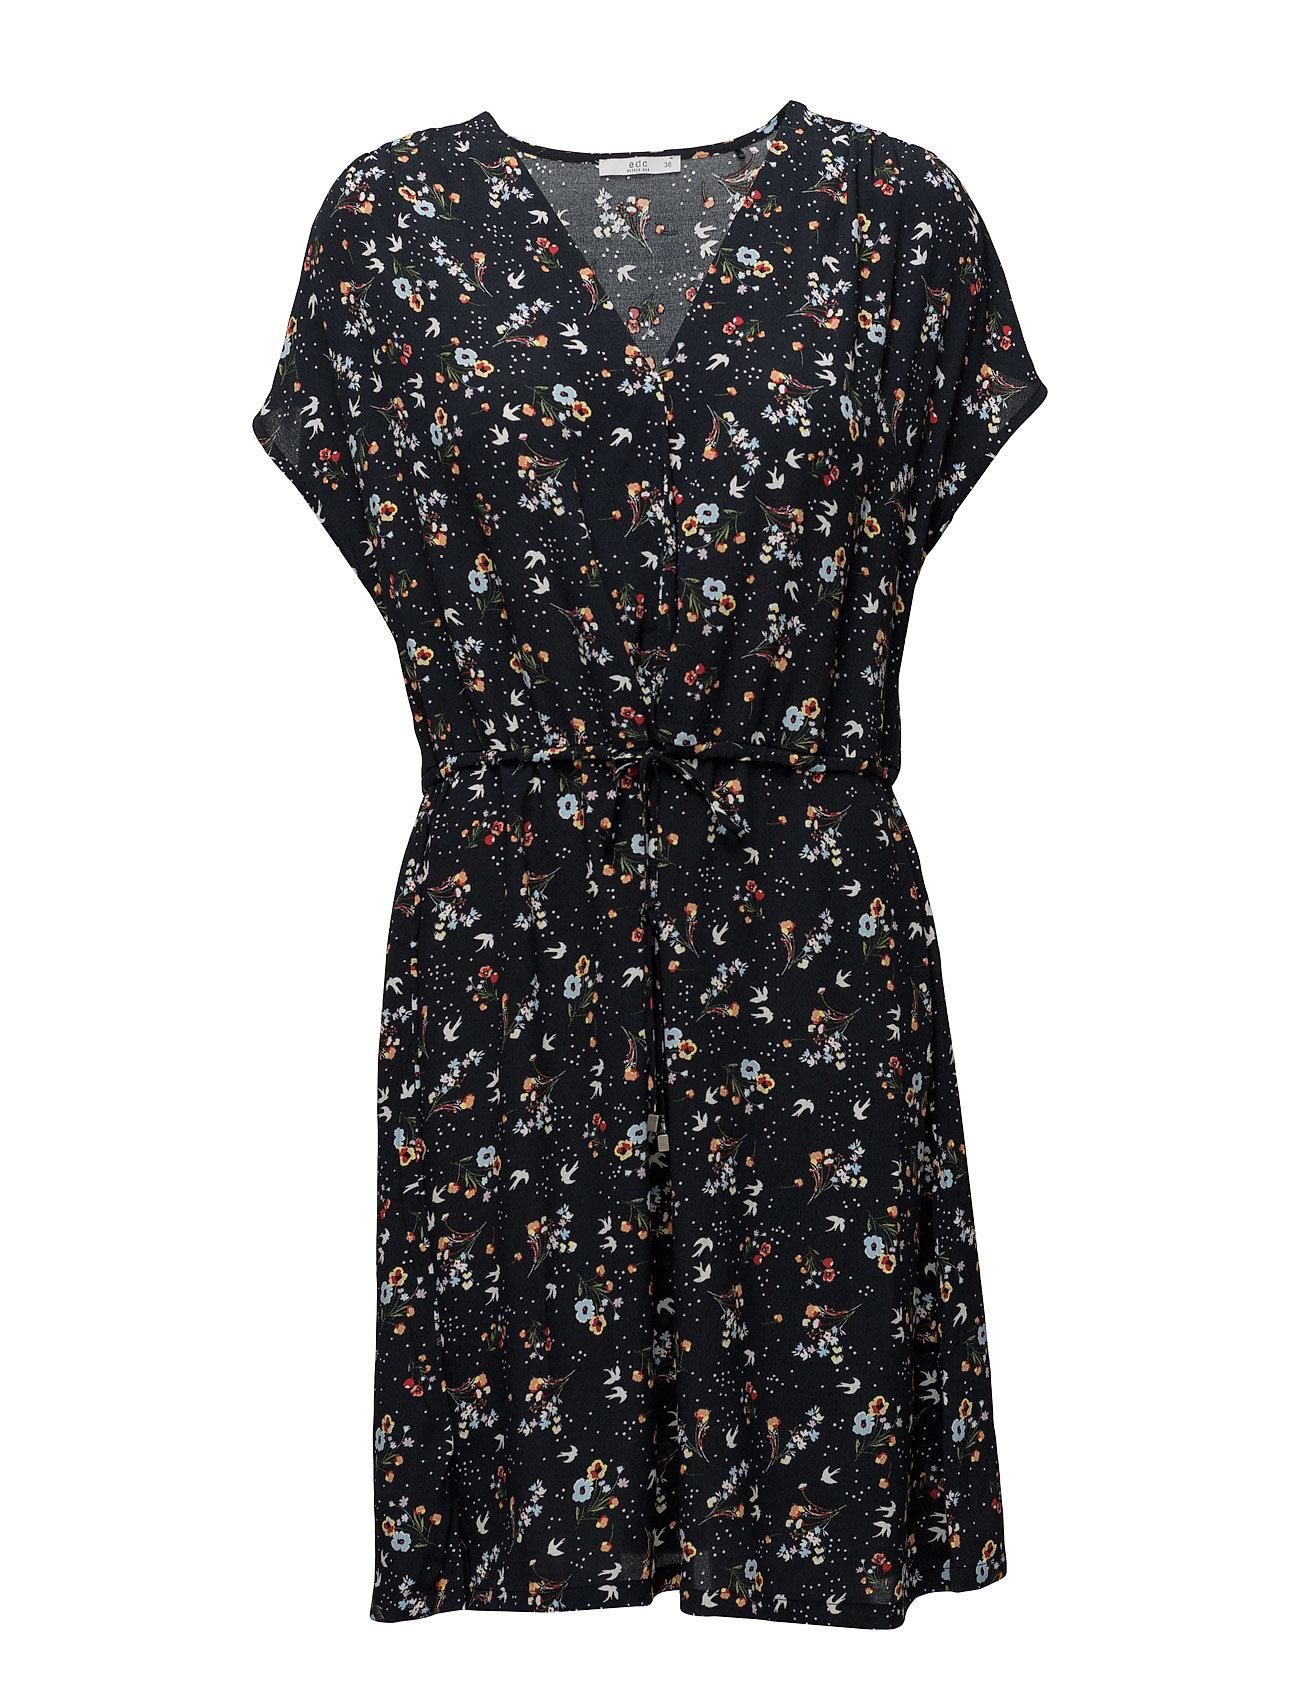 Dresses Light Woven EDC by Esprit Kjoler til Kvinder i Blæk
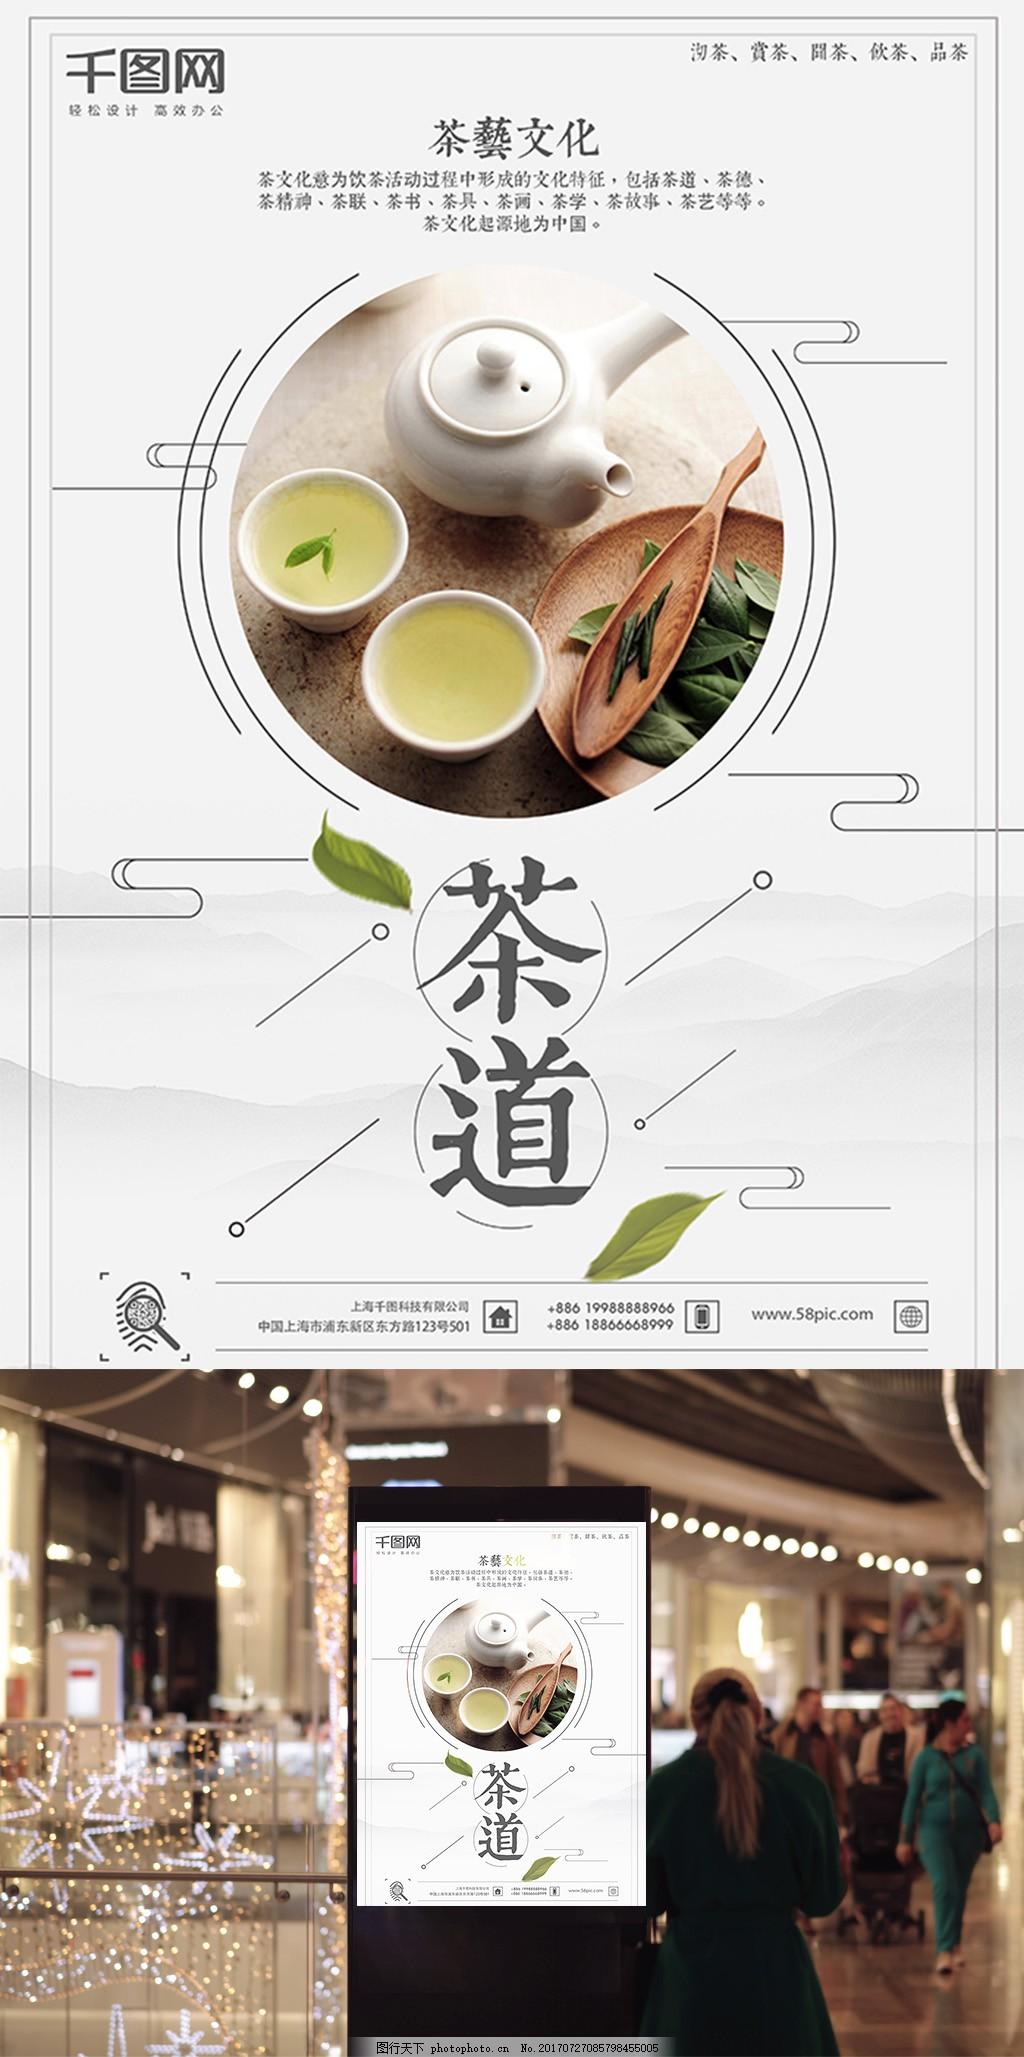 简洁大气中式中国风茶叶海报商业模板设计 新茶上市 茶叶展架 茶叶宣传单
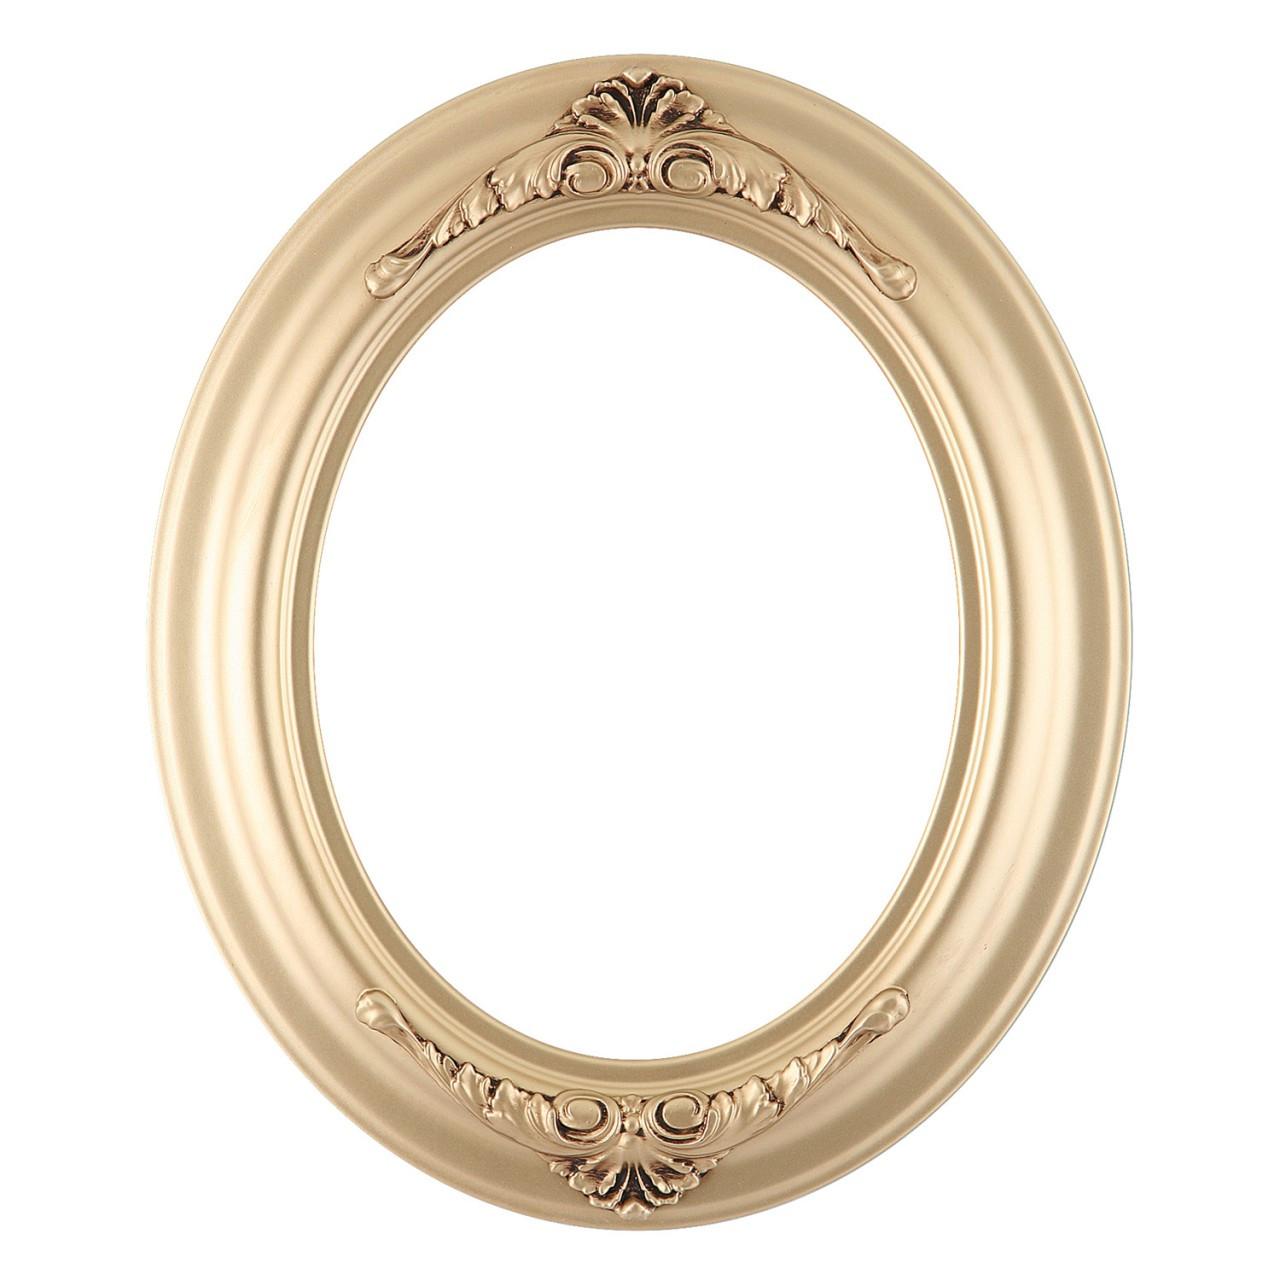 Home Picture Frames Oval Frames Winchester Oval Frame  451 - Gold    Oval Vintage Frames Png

Task prompt | Copy out the listing above in full and leave out its pictures.

Task response |
 Dresses Light Woven EDC by Esprit Kjoler til Kvinder i Blæk
 简洁大气中式中国风茶叶海报商业模板设计 新茶上市 茶叶展架 茶叶宣传单
 Home Picture Frames Oval Frames Winchester Oval Frame  451 - Gold    Oval Vintage Frames Png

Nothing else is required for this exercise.